Respective snippet of code from pt-table-sync script V.2.2.15:
lock_server(src => $src, dst => $dst, %args); ... $exit_status |= sync_a_table( src => $src, dst => $dst, where => 1, # prevents --where from being used diff => $diff, %args, ); ... unlock_server(src => $src, dst => $dst, %args);
Again… coming back to our point, pt-table-sync wouldn’t work well on Galera with –sync-to-master. Let’s do an attempt:
PTDEBUG=1 ./pt-table-sync --verbose --execute --replicate=pyth.checksum --sync-to-master --tables slave_repl.tmp h=localhost,u=root,p=$pw > slave_repl.tmp.sql
If you run the above command (on slave) with debug you will note following error:
# TableSyncer:6114 4650 Committing DBI::db=HASH(0x177cf18) Deadlock found when trying to get lock; try restarting transaction at line 6115 while doing slave_repl.tmp on localhost
(without PTDEBUG you won’t see much on slave except it will report nothing changed!)
Great, so why the error? Let’s again check the code snippet (pt-table-sync V.2.2.15):
sub lock_table { my ( $self, $dbh, $where, $db_tbl, $mode ) = @_; my $query = "LOCK TABLES $db_tbl $mode"; PTDEBUG && _d($query); ...
As you see, it’s calling up for LOCK TABLES and Galera, which as we know, doesn’t support explicite locking because of the conflict with multi-master replication. That’s the reason for the error above.
Okay, let continue… Upon executing pt-table-sync on slave, the “master”‘s (Galera node’s) error-log will show the following error:
2015-08-27 14:45:07 6988 [Warning] WSREP: SQL statement was ineffective, THD: 17, buf: 1399 QUERY: commit => Skipping replication
We already have a bug report in place and if it affects you, go ahead and mark it so.
So how would you fix this?
Easy Answer: Do a complete rebuild of slave from a fresh data backup of the cluster node.
Desync the cluster node, take the backup and restore it on a slave machine and setup replication.
But let’s think about an alternate method other than a complete restore…
“fixing using pt-slave-restart?”
But pt-table-sync is “not Galera Ready” as they say!!
Even then, pt-table-sync can help us understand the differences and that’s the long answer 🙂
It can still work and prepare SQL for you using –print –verbose options.
./pt-table-sync --verbose --print --replicate=pyth.checksum --sync-to-master --tables slave_repl.tmp h=localhost,u=root,p=$pw > slave_repl.tmp.sql
So, all you need to do is run the SQL against a slave to fix the discrepancies. You may choose to desync the node and run the pt-table-sync to generate differential sql. You’ll still need to confirm if slave got synced by re-running the pt-table-checksum and the discrepancies are resolved.
Our steps to resync a PX Cluster’s slave using pt-table-sync are as follows:
(Note: It’s advisable to stop writes on cluster to fix the discrepancies on slave. “Why?” “Explained later.”)
– Desync master node:
set global wsrep_desync=ON;
– Generate differential SQL:
./pt-table-sync --verbose --print --replicate=pyth.checksum --sync-to-master --tables slave_repl.tmp h=localhost,u=root,p=$pw > slave_repl.tmp.sql
– Review the sql generated and execute them on slave.
– Once slave is synced, you can:
set global wsrep_desync=OFF;
– Finally rerun the pt-table-checksum to verify the discrepancies.
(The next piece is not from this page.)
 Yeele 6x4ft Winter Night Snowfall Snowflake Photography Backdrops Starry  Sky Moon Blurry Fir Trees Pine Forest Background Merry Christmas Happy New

That concludes our solution.
“Wait, but why desync?”
hmm… Well wsrep_desync is a dynamic variable which controls whether the node can participate in Flow Control.
“hold on!! Flow control??”
Galera has synchronous replication where in node provides the feedback to rest in the group – fellas-I’m-late-hold-on OR okay-let’s-continue-the-job. So this communication feedback is flow control. (You should read galera-documentation & Jay’s post).
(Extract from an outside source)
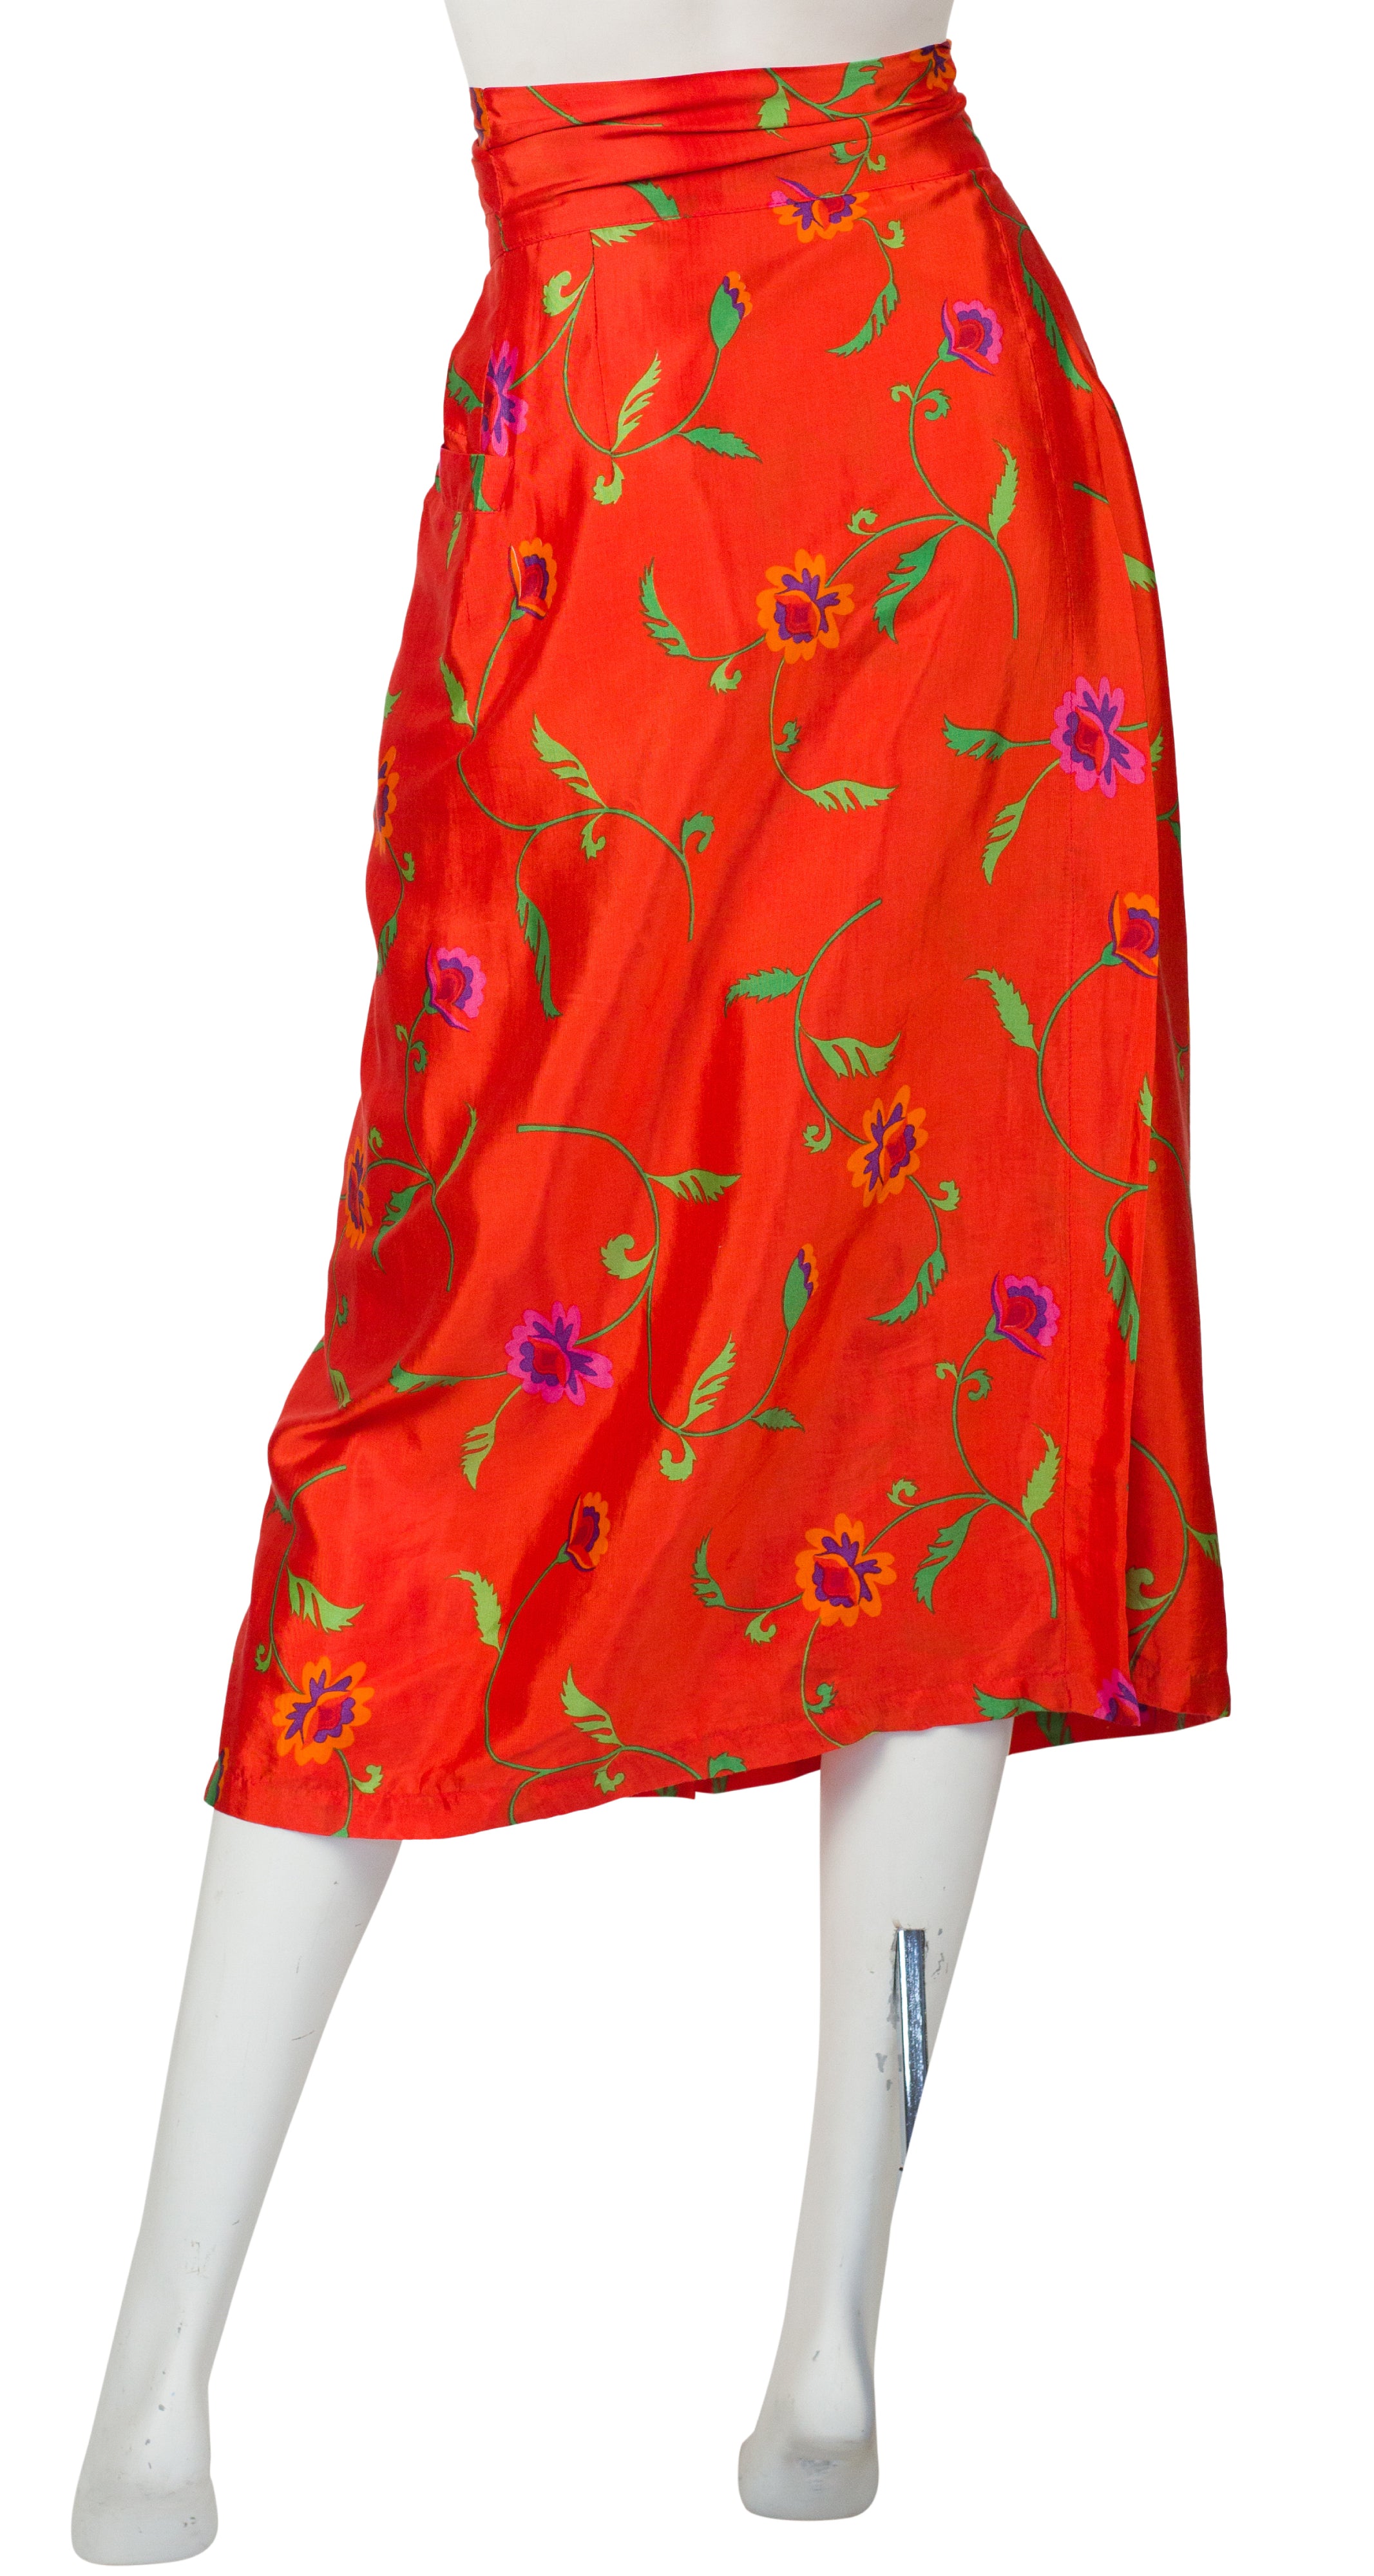 1978 S/S Documented Floral Blood Orange Rayon Wrap Skirt

When we will set wsrep_desync=ON on master, it will continue to replicate in and out the writesets as usual; but flow control will no longer take care of the desynced node. So, other nodes of the group won’t bother about the deynced node lagging behind. Thus by desyncing we’re making sure that our operations on one node are not affecting the whole cluster. This should answer why writes need to be stopped before starting to sync.
Hope this helps.
PS: This blog was published on Pythian Blog.